Sitting drinking coffee outside his house on Seba’s muddy main street as a light rain falls, Arman al Gadri tells me that the reaching regency status has been welcomed in Sabu, raising hopes of increased development. The biggest problem that the island faces, he says, is transport. One or two ferries a week come from Kupang, but it’s an exposed crossing, and in the wet season the island can be cut off for weeks. Air links are even more tenuous: the tiny Merpati plane that serves Sabu sometimes only makes it to the island a couple of times a month.

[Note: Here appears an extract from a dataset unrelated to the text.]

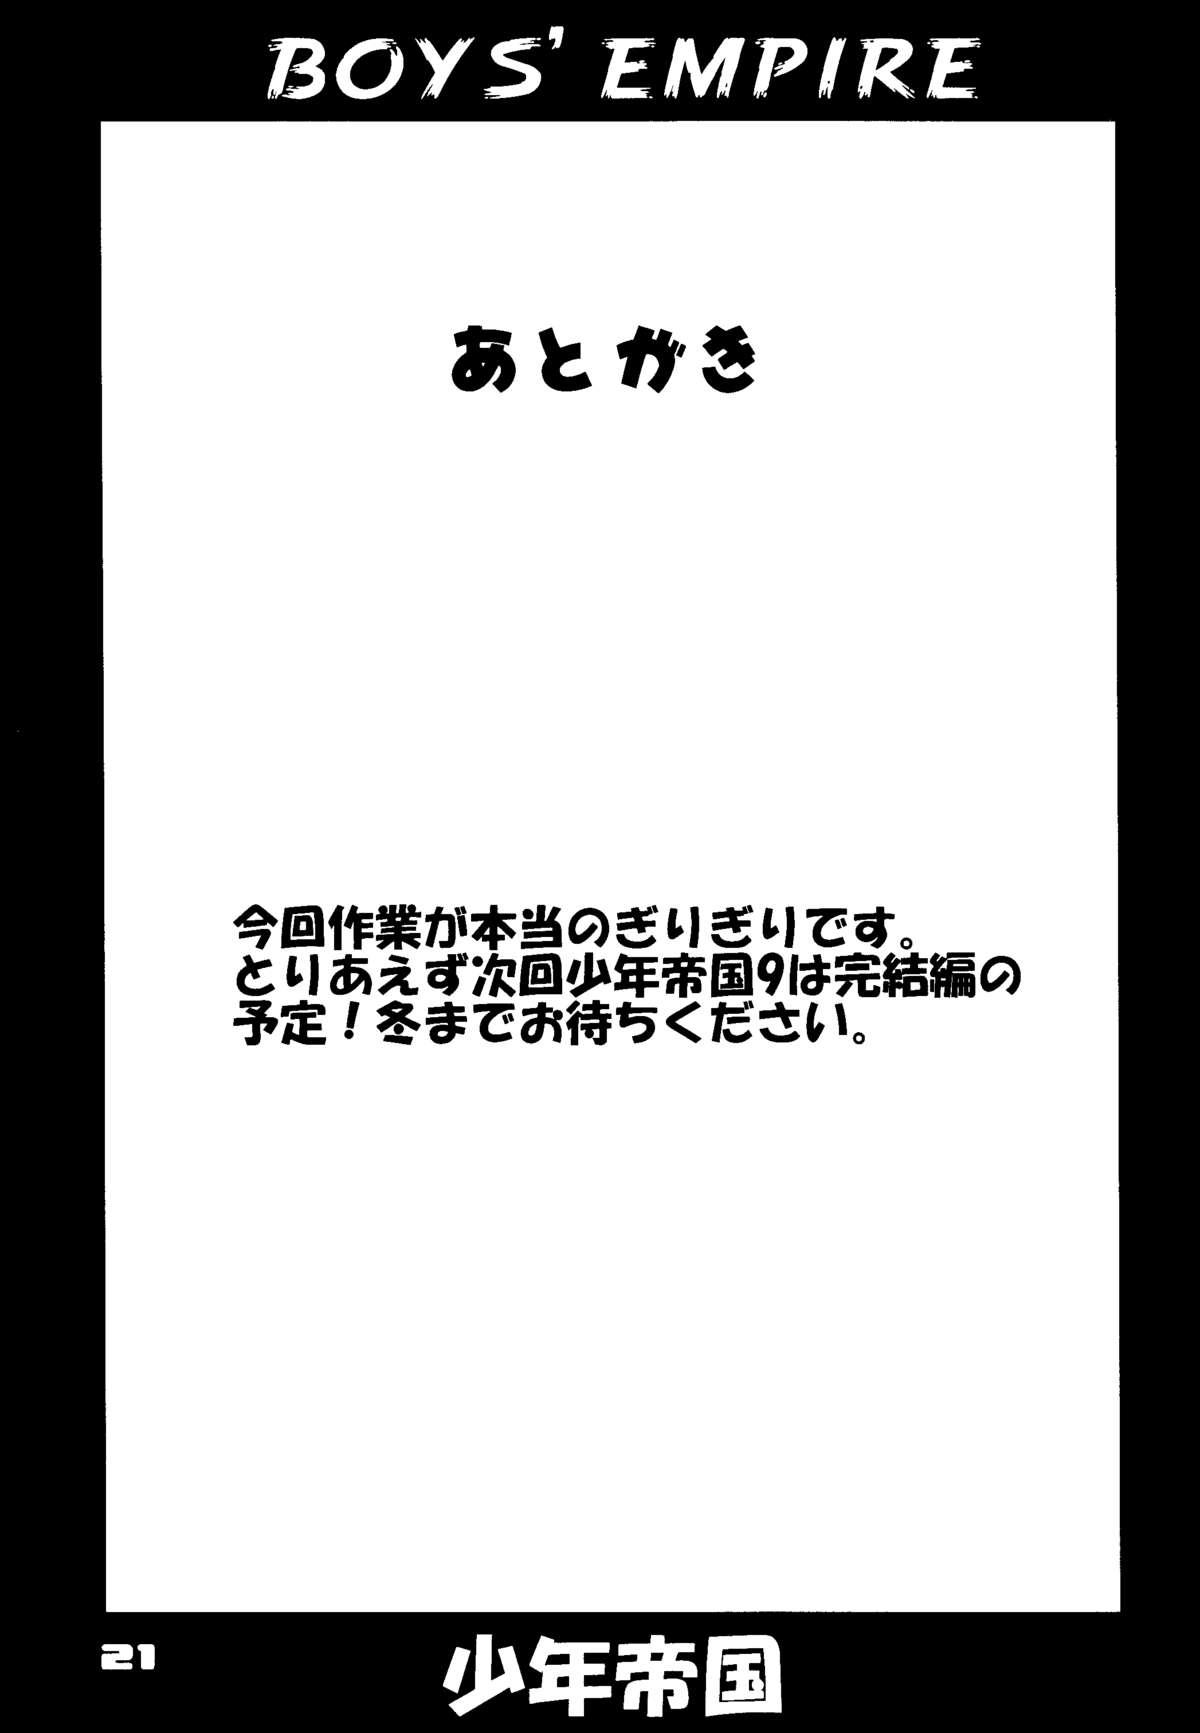 Shounen Teikoku 8 - Boys' Empire 8 19

There were no ferries at all when Cook arrived in 1770, but treaties had already been signed between the Dutch and the rulers of Sabu’s five principalities, and Seba was home to an official resident, Johan Lange. He was the archetypal corrupt colonialist, and he issued threats until Cook and his men paid the locals in cash for their supplies — cash that the captain was sure was destined for Lange’s own coffers.
The Dutch had become involved with Sabu in the previous century. In 1674 nervous islanders had massacred the crew of a Dutch vessel, and in seeking revenge colonial forces formed an alliance with the king of Seba and set out on punitive raids of the neighboring principalities.
The next day I visit the spot where Sabunese fortifications turned back those early Dutch attackers. Some 20 km east of Seba, the hilltop village of Hurati is abandoned now, but the sturdy surrounding wall that the Dutch failed to penetrate still stands.
The following day I head for the hills on a borrowed motorbike. In the hilltop kampung of Namata, south of Seba, the native ancestor-worshipping Jingi Tiu religion still lingers. A woman named Hi’a tells me that during Jingi Tiu ceremonies people from around the island, dressed in traditional ikat cloth, descend on Namata.
The houses have long thatched roofs. According to legend the first settlers came originally from India. When they came ashore they turned their boats upside down for shelter, and traditional Sabu houses are reminiscent of these makeshift dwellings.
From Namata I follow a rough road south into rolling hills grazed by sheep and horses. Sabu is a dry island where maize is the staple crop and drought is a real risk.
Over the next two days I travel the back roads of Sabu, finding warm welcomes and fine white beaches where seawater is left in upturned clamshells to evaporate and make salt. Bumpy tracks lead to hilltops offering swelling views to rocky shores, to the off-lying hulk of Raijua Island, and to the empty horizon beyond.
Cook noted that the people of Sabu were addicted to betel nut — and they still are; smiles here have an extra dash of red color. The other lifeblood of Sabu is the lontar palm, which provides sweet sap for making sugar and palm wine, described by him as “a very sweet agreeable Cooling liquor.” On other islands, people hack steps into the trunks to get at the harvest, but in Sabu there is such respect for this “tree of life” that locals wish no injury upon it and bind smooth pebbles to the trunk with twists of dried leaf for footholds instead.
Cook sailed from Sabu on Sept. 21, 1770. As the island fell behind, the captain called his men together and swore them to secrecy about the place they had just visited for fear of arousing Dutch jealously in Batavia. As I make my own departure on the returning Kupang-bound ferry, watching the white beaches and lontar-clad hills fade to a dot on the empty horizon, it seems like the secret is still well-kept.